In the past two years, Facebook AI Research (FAIR) has cooperated with 13 universities around the world to collect the largest first-person video data set in history-dedicated to training deep learning image recognition models. Artificial intelligence trained on the data set will be better at controlling robots that interact with people or interpreting images on smart glasses. “Only when machines really understand the world through our eyes can they help us in our daily lives,” said Kristen Grauman of FAIR, who is in charge of the project.
This technology can support people who need help at home, or guide people to complete tasks they are learning to complete. “The videos in this dataset are closer to the way humans observe the world,” said Michael Ryoo, a computer vision researcher at Google Brain and Stony Brook University in New York who was not involved in Ego4D.
But the potential abuse is obvious and worrying. The research was funded by Facebook, a social media giant that was recently accused in the U.S. Senate of putting profits above people’s well-being-MIT Technology Review’s own survey confirms this.
The business model of Facebook and other large technology companies is to extract as much data as possible from people’s online behavior and sell it to advertisers. The artificial intelligence outlined in the project can extend this coverage to people’s daily offline behaviors, revealing what items are around your home, what activities you like, who you spend time with, and even where your eyes stay- This is unprecedented personal information.
Grauman said: “When you take privacy from the world of exploratory research and turn it into a product, you need to complete privacy work.” “This work can even be inspired by this project.”
The largest first-person video data set before includes 100 hours of footage of people in the kitchen. The Ego4D dataset consists of 3,025 hours of videos recorded by 855 people in 73 different locations in 9 countries (the United States, the United Kingdom, India, Japan, Italy, Singapore, Saudi Arabia, Colombia, and Rwanda).

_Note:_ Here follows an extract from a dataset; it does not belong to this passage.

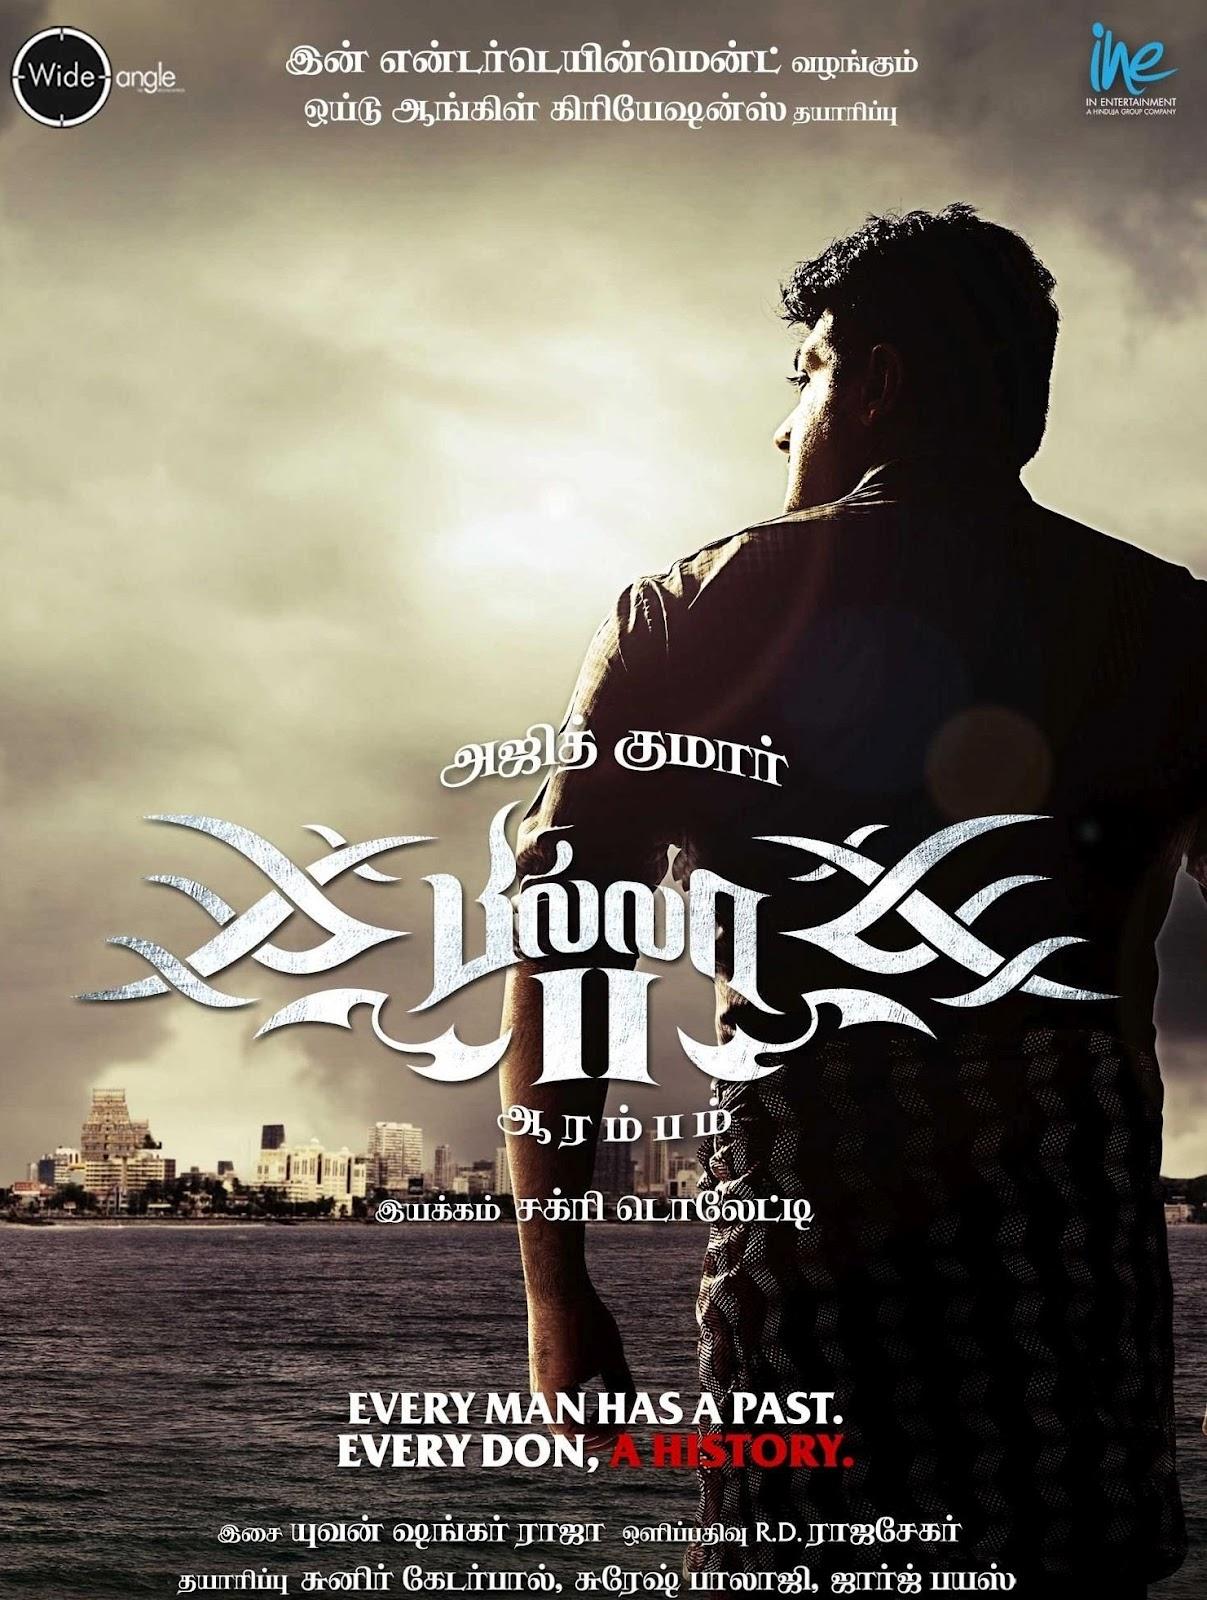 Tamil billa background music free download - iteco-m ru
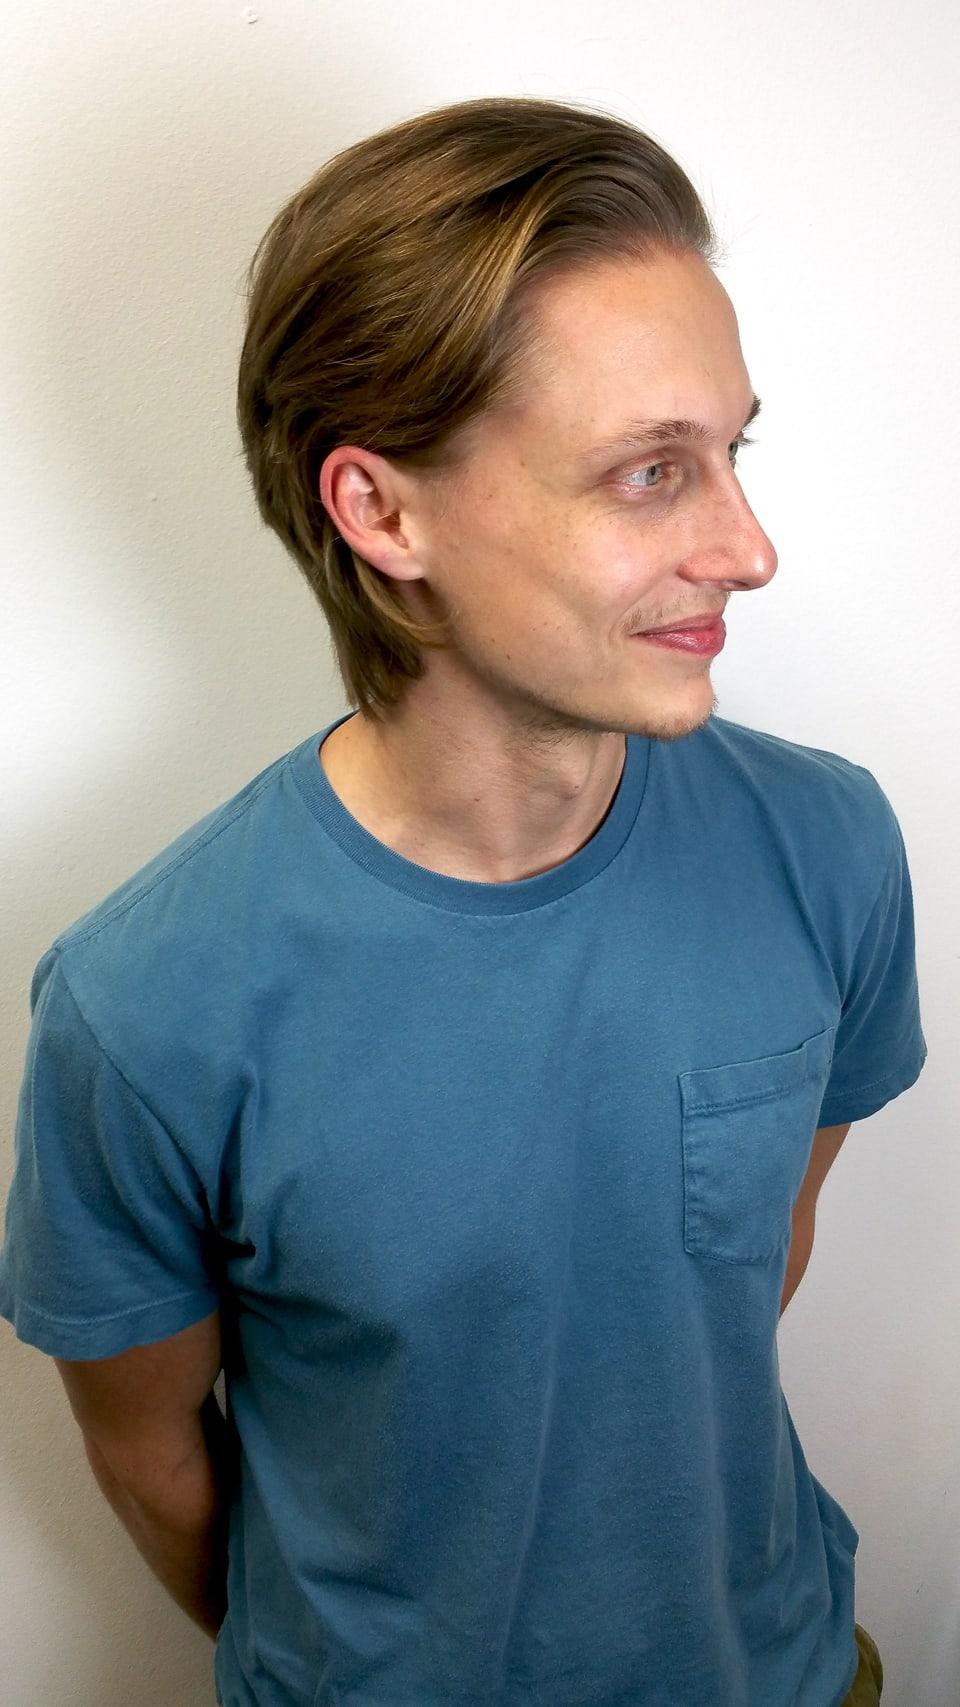 Mens haircut Tampa After Tribeca Salon South Tampa

Participants have different ages and backgrounds; some are recruited for visually interesting occupations, such as bakers, mechanics, carpenters, and gardeners.
Previous data sets usually consisted of half-scripted video clips that were only a few seconds long. For Ego4D, participants wear a head-mounted camera for up to 10 hours at a time and shoot first-person videos of unscripted daily activities, including walking along the street, reading, washing clothes, shopping, playing with pets, playing board games, and interacting with other people . Some shots also include audio, data about where the participant’s gaze is focused, and multiple perspectives of the same scene. Ryoo said this is the first of its kind.